Exercise brief: Only the lines from the one containing "Gianni Bisiach con" through the end of the listing are to be repeated, exactly and without pictures.

Collected data:
# # # #
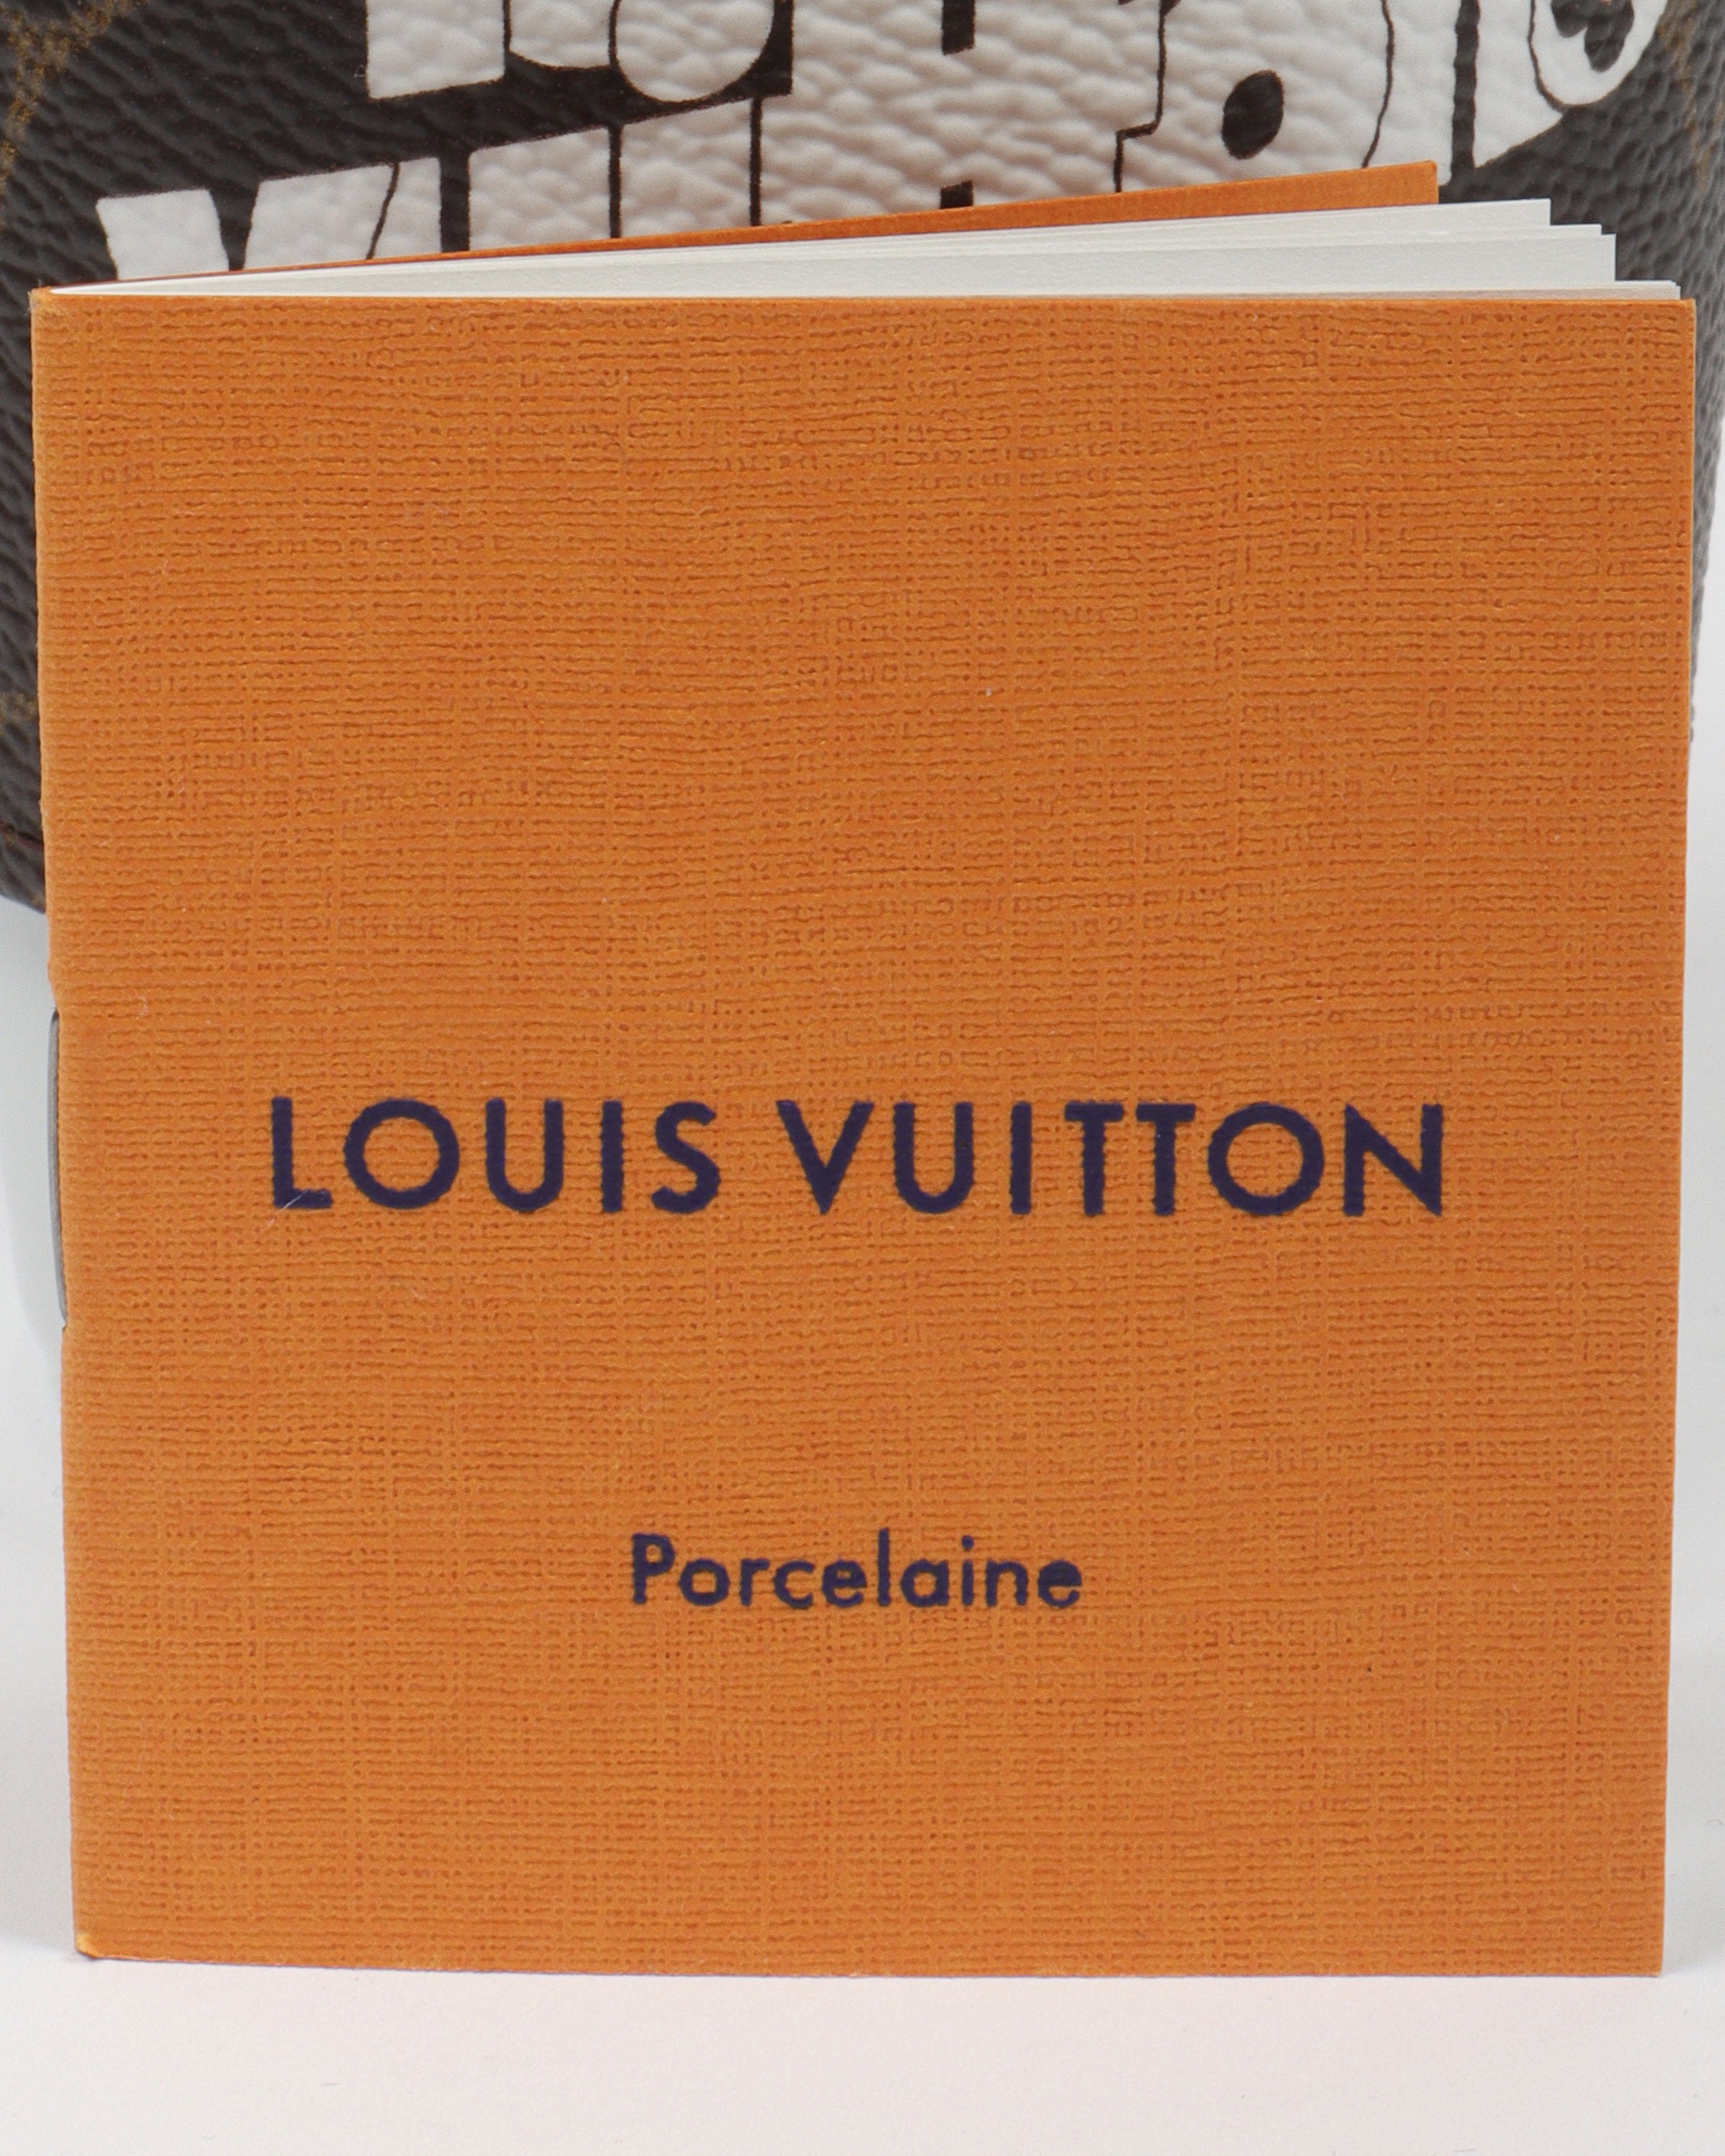 Louis Vuitton Portable Coffee Cup
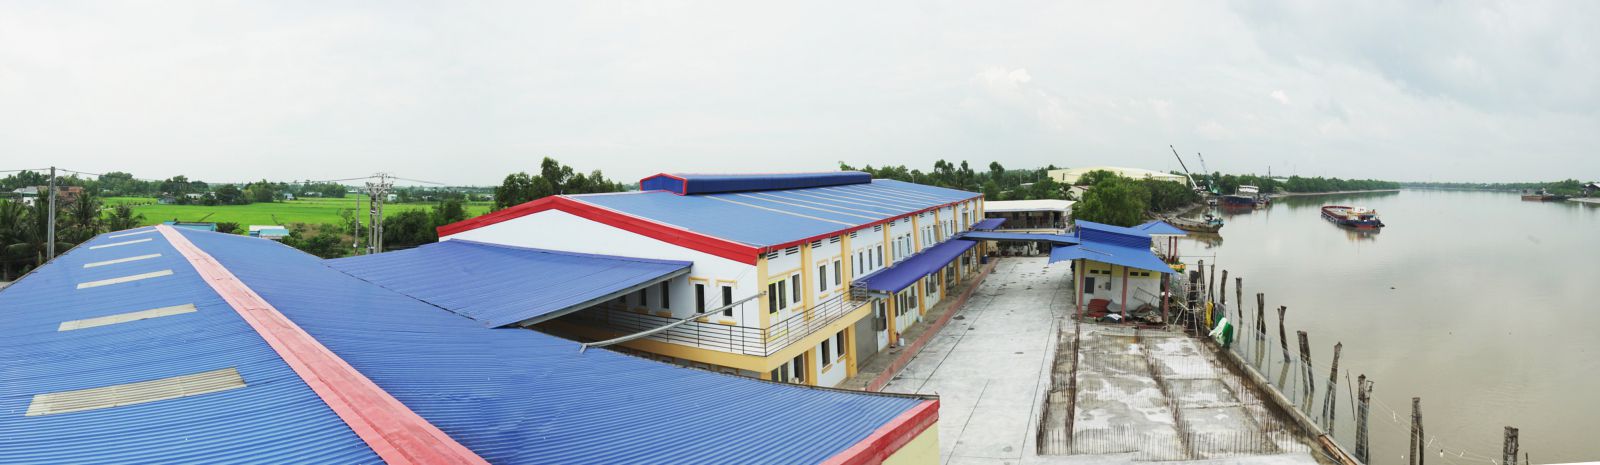 Công ty TNHH Mắm bà Thạo đã đầu tư xây dựng nhà máy sản xuất mắm với khuôn viên rộng 8000 m2
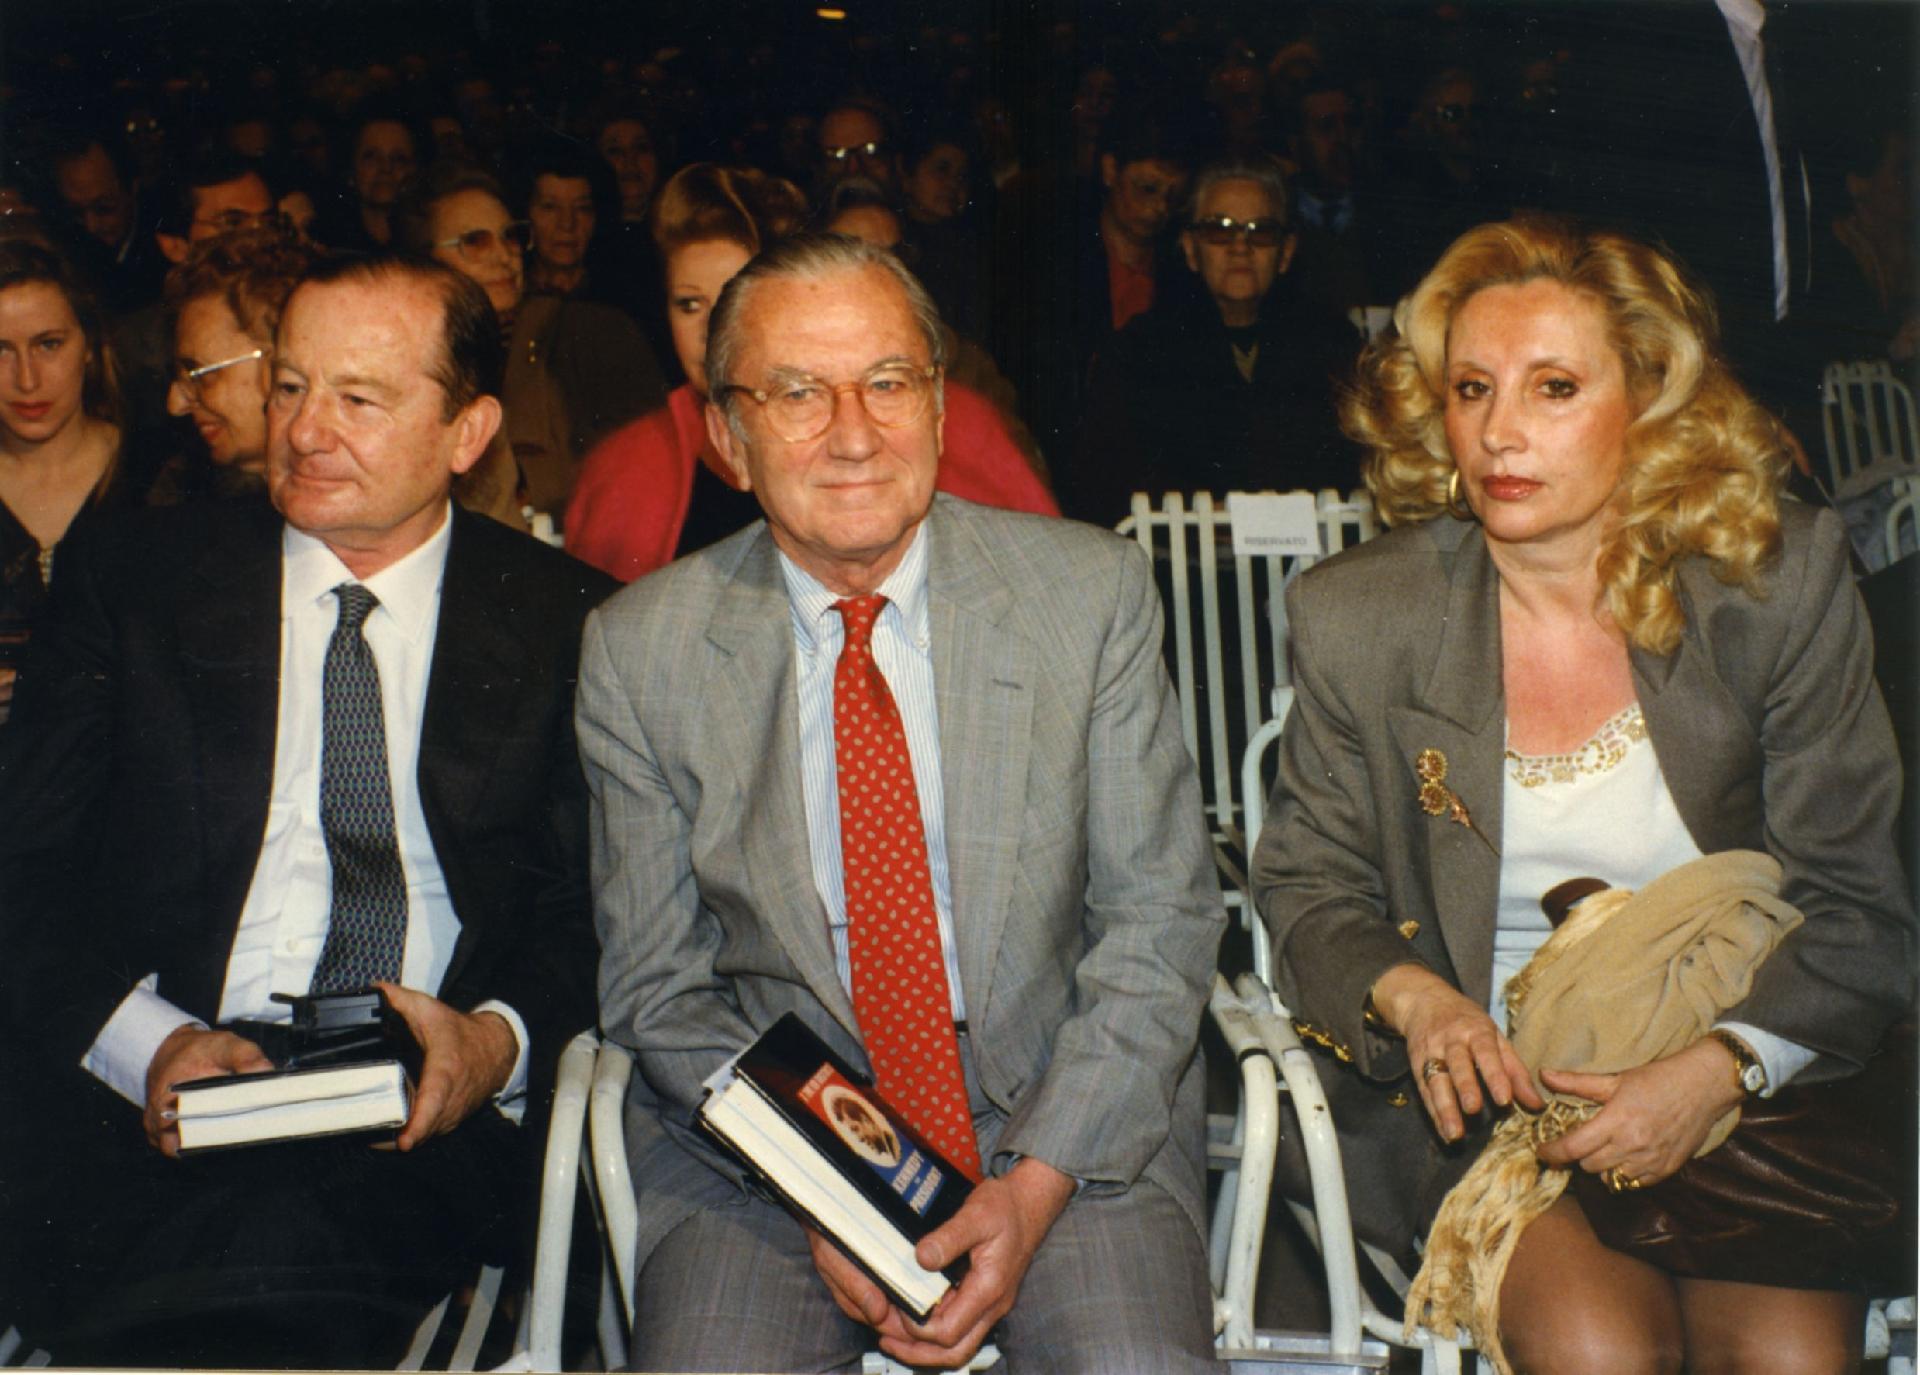 Gianni Bisiach con William Colby e Maria Grazia Avanzini alla presentazione del libro &quot;Il Presidente&quot; al Teatro Tenda e Strisce di Roma il 2 novembre 1990
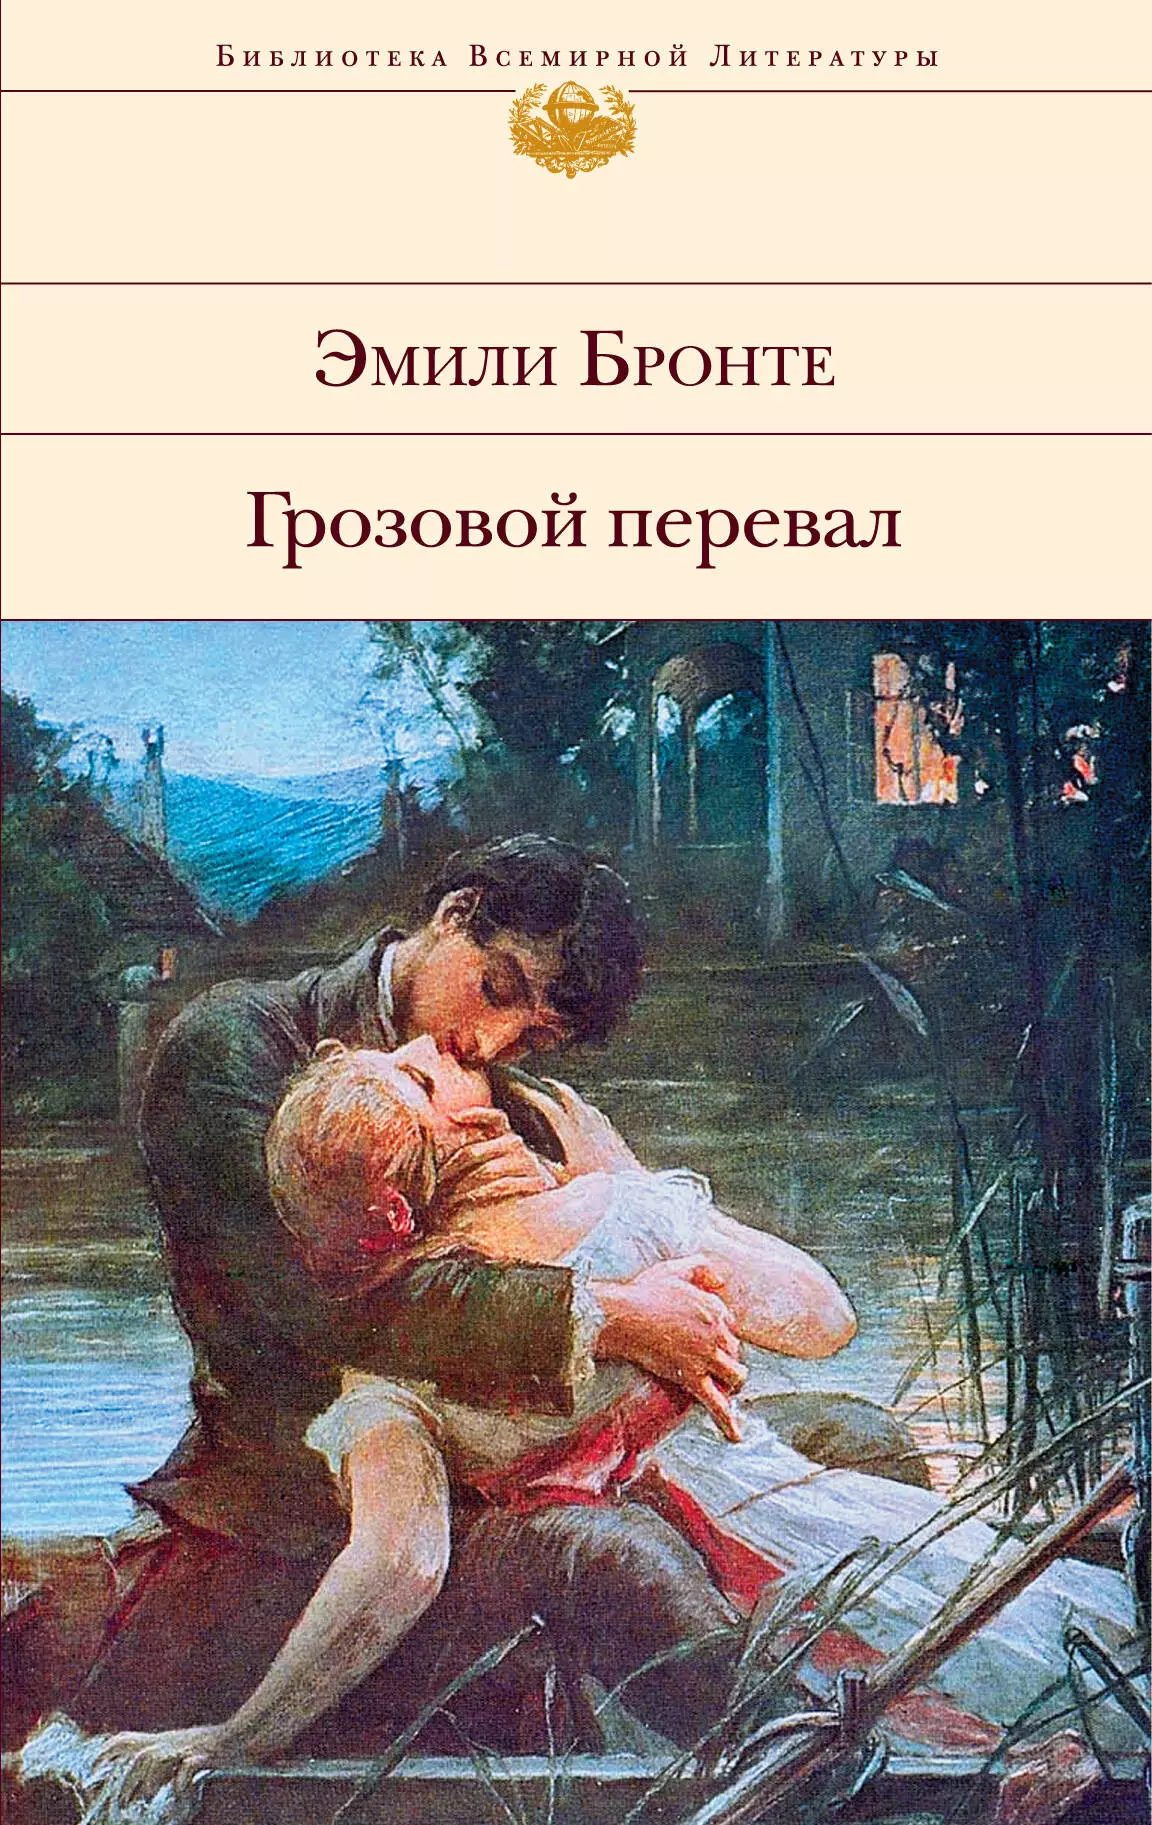 Бронте Эмили Джейн - Грозовой перевал : роман
# # # #
Response to the task:
 Gianni Bisiach con William Colby e Maria Grazia Avanzini alla presentazione del libro &quot;Il Presidente&quot; al Teatro Tenda e Strisce di Roma il 2 novembre 1990
 Бронте Эмили Джейн - Грозовой перевал : роман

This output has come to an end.